Rezeke edilmiş servikal döngünün kesin konumu, altı günlük doğum sonrası fare kesici dişinde sınırlandırılırken, yetişkin bir iskeletleştirilmiş fare mandibulasındaki benzer bir bölge referans olarak verilmiştir. Hehemimandibles üç mandibuler azı dişinden ve sürekli büyüyen bir kesici dişten oluşurken, servikal döngü hücre nişi mine oluşumu için gerekli olan çeşitli hücre popülasyonunu içeriyordu. Servikal döngü hücrelerinin özel bir mikro ortamda başarılı bir şekilde farklılaşması, bir ucunda çekirdek ve diğer ucunda uzun hücresel süreçler bulunan polarize hücrelerin tipik bir özelliğine sahip ameloblastların oluşumuna neden olmuştur.
Büyüme faktörleri ve iskele kaplaması olmadan tek başına ortamdaki hücrelerin kültürü, anahtar emaye proteinlerini salgılayan, ancak uzamayan veya polarize olmayan servikal döngü hücreleri ile sonuçlandı. Galanin kaplı iskele grubu, kaplanmamış iskeleler içeren kontrol grubuna kıyasla önemli ölçüde daha yüksek bir proliferasyon oranı göstermiştir. E15 farelerinden toplanan akciğer dokusu segmentleri, biyoreaktördeki 3D mikro yerçekimi ortamında 10 gün boyunca başarıyla kültürlendi.
Kültür ortamına interlökin-6'nın eklenmesi, alveoler morfolojide in vivo görülenlere benzer inflamasyonla ilişkili değişikliklere neden oldu.
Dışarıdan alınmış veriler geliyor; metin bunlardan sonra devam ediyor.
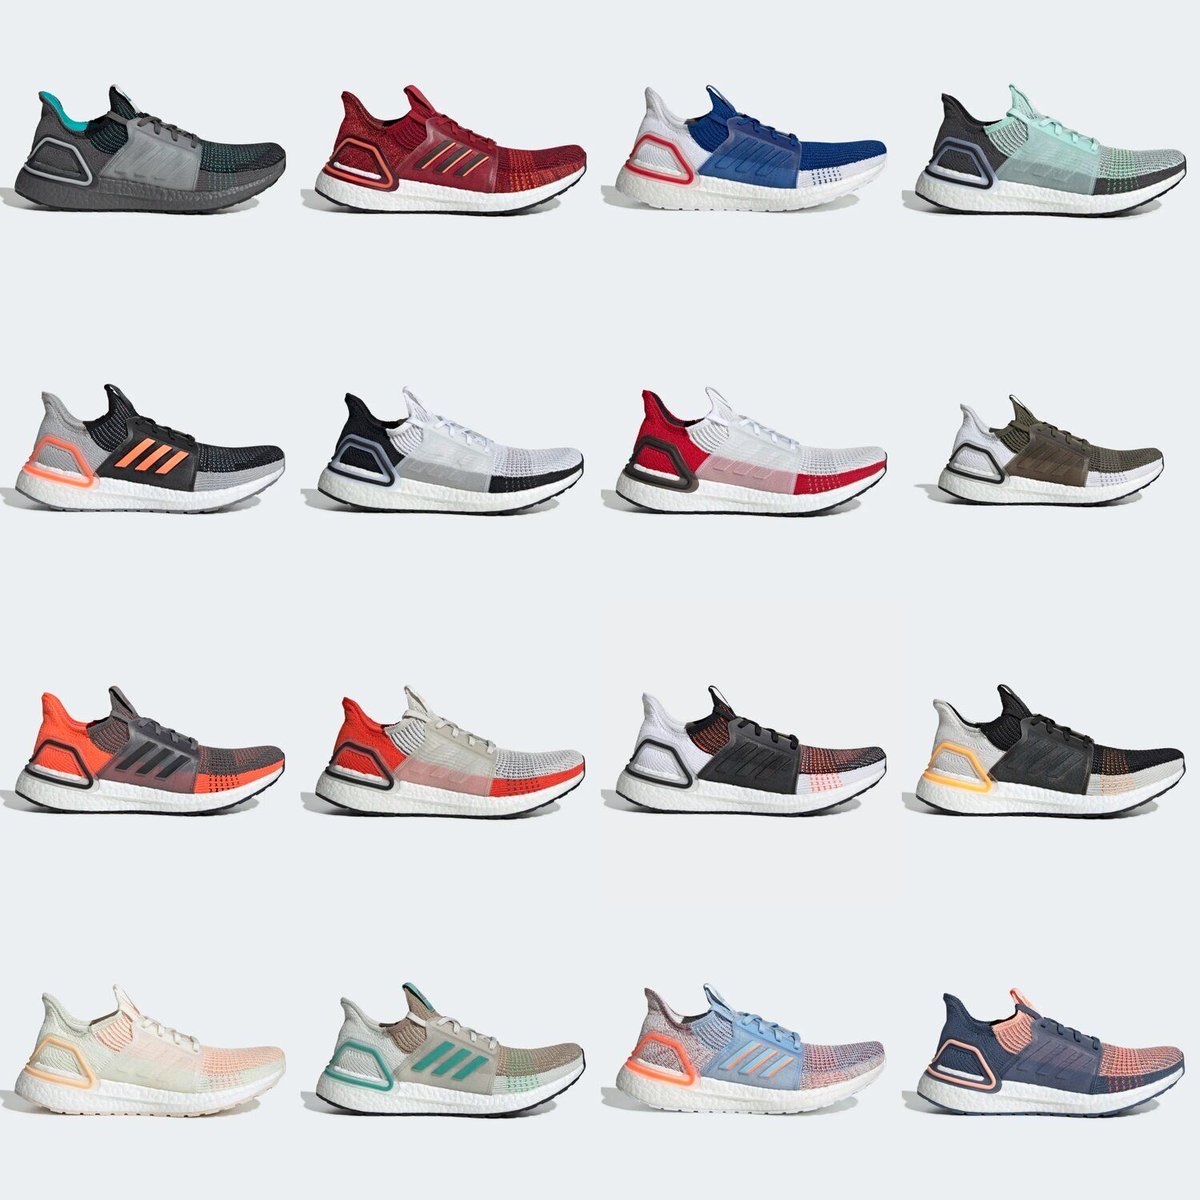 every ultra boost colorway

Giriş bölümünde, emaye ekibinin bir ameloblast hücre kültürü modeli bulmanın ne kadar zor olduğunu anlattım. Şimdi bu zorluğu, iki yöne odaklanan son derece yenilikçi bir prosedür kullanarak ele aldık: sünger kollajen iskelesi ve ayrıca ameloblast hücrelerini ayırt etmek için matrisin kullanılması.
Birlikte, bu iki yenilik, 3D kültürde ameloblast benzeri hücrelerin polarizasyonu ve büyümesi ile sonuçlandı. Bu 3D kültürlü hücreler, ameloblast biyolojisini anlamak için harika bir modeldir. Ve bu biyolojiyi anlamak için, elektron mikroskobu, proteomik ve genomik dahil olmak üzere çeşitli teknikler kullanabiliriz.
Ameloblastlar fantastik hücrelerdir. Evet, prizmatik diş minesi salgılama yeteneğine sahiptirler. Şimdi, bu biyoreaktör modeli bizi ameloblastların prizmatik diş minesini büyütmek için matrisi nasıl salgıladığını ve apatit minerallerini nasıl salgıladığını anlama konumuna getiriyor.